Publicado Em: 14/02/2013

Obras do PAC Mobilidade deverão ter 100% dos serviços e 80% dos produtos adquiridos no País

A presidenta Dilma Rousseff decretou que todos os serviços a serem contratados nas ações de mobilidade urbana nas obras do PAC Mobilidade (Programa de Aceleração do Crescimento) devem ser nacionais. Além disso, pelo menos 80% do valor gasto com produtos manufaturados devem ser empregados em materiais nacionais. O Decreto nº 7.888, publicado no Diário Oficial da União (DOU), estabelece que a obrigatoriedade deva estar explicíta nos editais de licitação e contratos de execução.

Os serviços nacionais são definidos no texto legal como “serviços classificados de acordo com a Nomenclatura Brasileira de Serviços, Intangíveis e Outras Operações que Produzam Variações no Patrimônio, instituída pelo Decreto no 7.708, de 2 de abril de 2012, concebidos e prestados no território nacional ou prestados conforme critérios estabelecidos em ato do Ministério do Desenvolvimento, Indústria e Comércio Exterior”. Os serviços contemplados no Decreto são os serviços de engenharia, arquitetura, planejamento urbano e paisagismo.

Os produtos manufaturados que integram o decreto são materiais rodantes e sistemas embarcados, sistemas funcionais e de infraestrutura de vias e sistemas auxiliares de plataformas, estações e oficinas. Os critérios para detalhamento dos produtos manufaturados e dos serviços nacionais serão objeto de uma portaria do MDIC e o os produtos e serviços elegíveis serão indicados em portaria interministerial dos Ministérios do Desenvolvimento, Indústria e Comércio Exterior (MDIC), e do Planejamento, Orçamento e Gestão.

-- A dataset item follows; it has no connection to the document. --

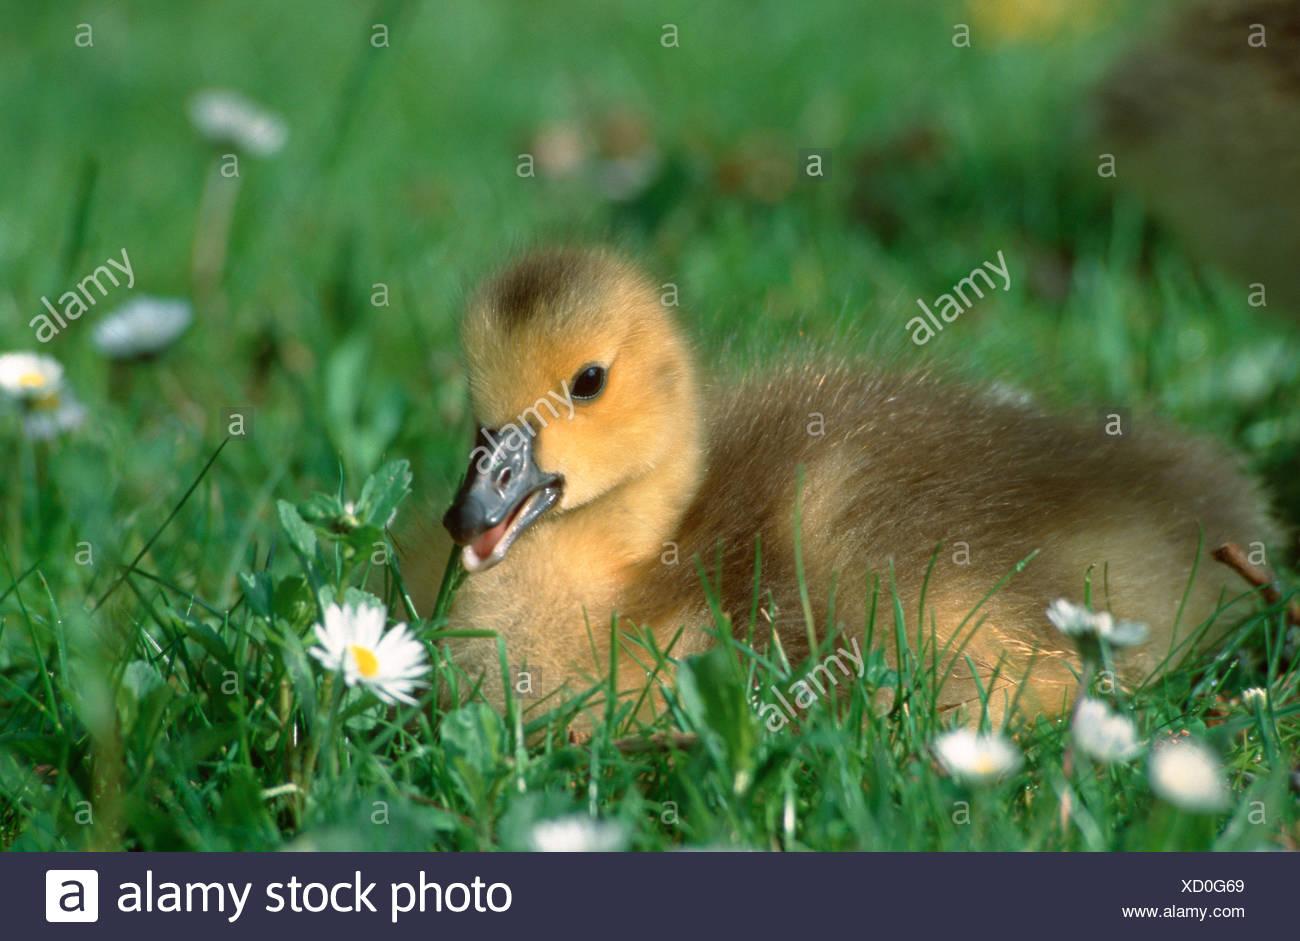 Canada Goose gosling North Rhine Westphalia Germany Branta canadensis Kanadagans Goessel Nordrhein Westfalen Deutschland

Outro decreto, o nº 7.889, cria a Comissão Interministerial de Aquisições do Programa de Aceleração do Crescimento – CIA-PAC, que disciplinará a implementação da exigência de aquisição  dos produtos e serviços nas contratações públicas com recursos destinados às ações do PAC. Entre as responsabilidades da Comissão está a liberação, em caráter excepcional, da obrigatoriedade da exigência, quando não houver oferta suficiente, preços compatíveis com os praticados no mercado internacional, prazos de entrega adequados ao projeto e tecnologia compatível.